One can also imagine running the workflow directly via

gmt run script.gwf        # UNIX
gmt ('run script.gwf');   % MATLAB
gmt.run ('script.gfw);    # Python

A possible standard

Not much thought has gone into this yet but it is easier to tear apart a proposal than to build one from scratch. So here is one possible model. We would name all (or most) of the common command options:

-B: frame='auto|off|frame'
-J: projection='proj'  width='width or scale='scale'
-R: region='region|world|exact|auto'
-U: stamp='on|off|command|string'
-V: verbose='quiet|normal|verbose|debug'
-X -Y: position=x/y
-i: select='columns'
-o: report='columns'

etc., etc.

For module-specific options we would still try to find common ground.

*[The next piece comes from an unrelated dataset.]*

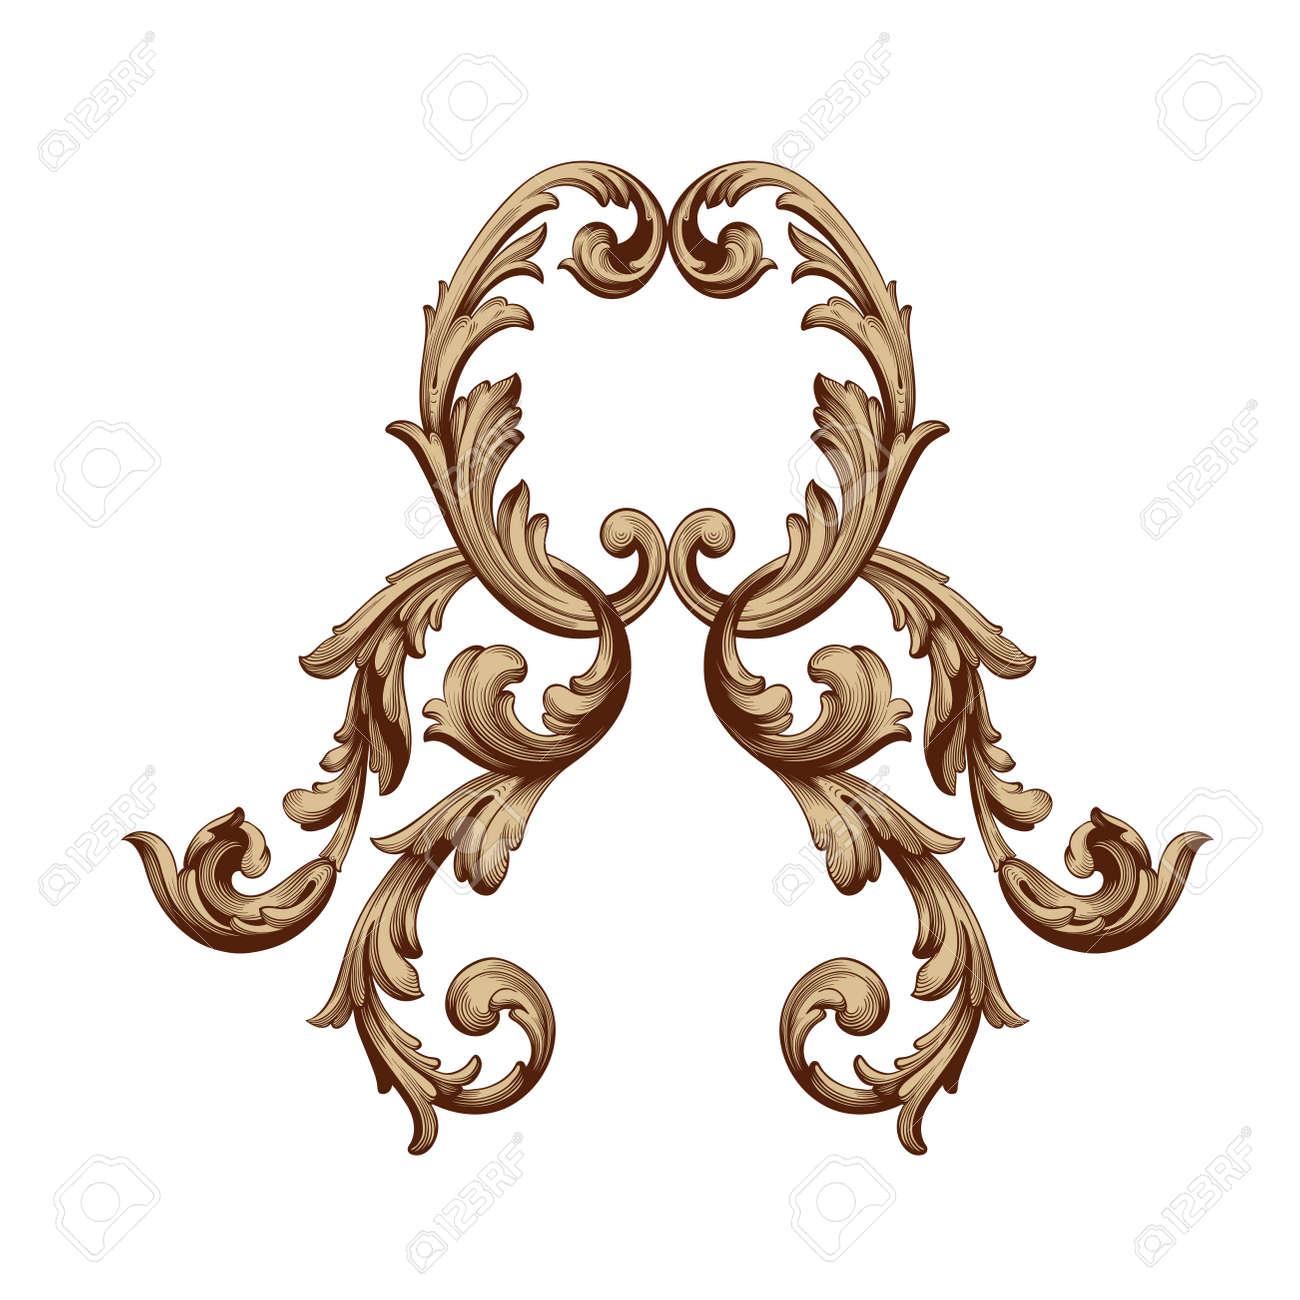 baroque vector set of vintage elements for design decorative rh 123rf com filigree vector line filigree vector line

For instance, concepts like fill, pen, increment, input, and output are common to most modules, so perhaps we can define

-G: fill='fill'
-W: pen='pen'
-I: increment=dx/dy
-G<grid>: output='file'
->file: output='file'
-<file: input='file'

A simple example of a GWF script (my_map.gwf) may be written like this:

gwf begin product=PDF name=my_map
gwf pscoast region=world projection=Hammer width=9i frame=auto fill=brown pen=faint
gwf psxy input=mylines.txt,yourlines.txt pen=1p,red symbol=line
gwf end

Here, the first line tells us to start a new workflow (which removes past gmt.history files), what the product is (here a plot, since we stated PDF, in contrast to a grid, for instance) and what its name stem should be. Then we overlay some lines on a global map and finally produce the PDF via an implicit psconvert call when gwf end is called.

Targeted commands

Unfortunately, GWF cannot solve all the world's problems. For instance, someone writing a script may need to mix GMT use with capabilities offered by the calling environment. This could be a sorting task in Unix or a built-in function in MATLAB. To allow this capability we would need gwf commands that are platform specific. As a (not so well thought-out) example, consider

...
gwf unix sort -k 2 -g -r raw_file.txt > sorted_file
gwf mex A = gmt ('read -Td raw_file.txt');
gwf mex B = sort (A);
gwf mex gmt ('write sorted_file.txt', A);
gwf psxy input=sorted_file.txt symbol=circle size=0.2c fill=red pen=faint
...

Alternatively, we let GWF be restrictive and only allow for things that are portable across all environments. Between options -i, -o (can do simple awk-like transactions), -e (basic grepping) and gmt convert -N (sorting) we can do quite a bit within gmt.

Input and Output

A key concept remaining to be abstracted is the input and output to memory for some environments. Perhaps we need two flavors of the input and output statements, e.g., m_input and m_output for memory. Then, we can use m_input to indicate an input source and if under MATLAB or Python these refers to names of variables while if processed for UNIX output then they become files (i.e., m_input is the same as input), and likewise for output.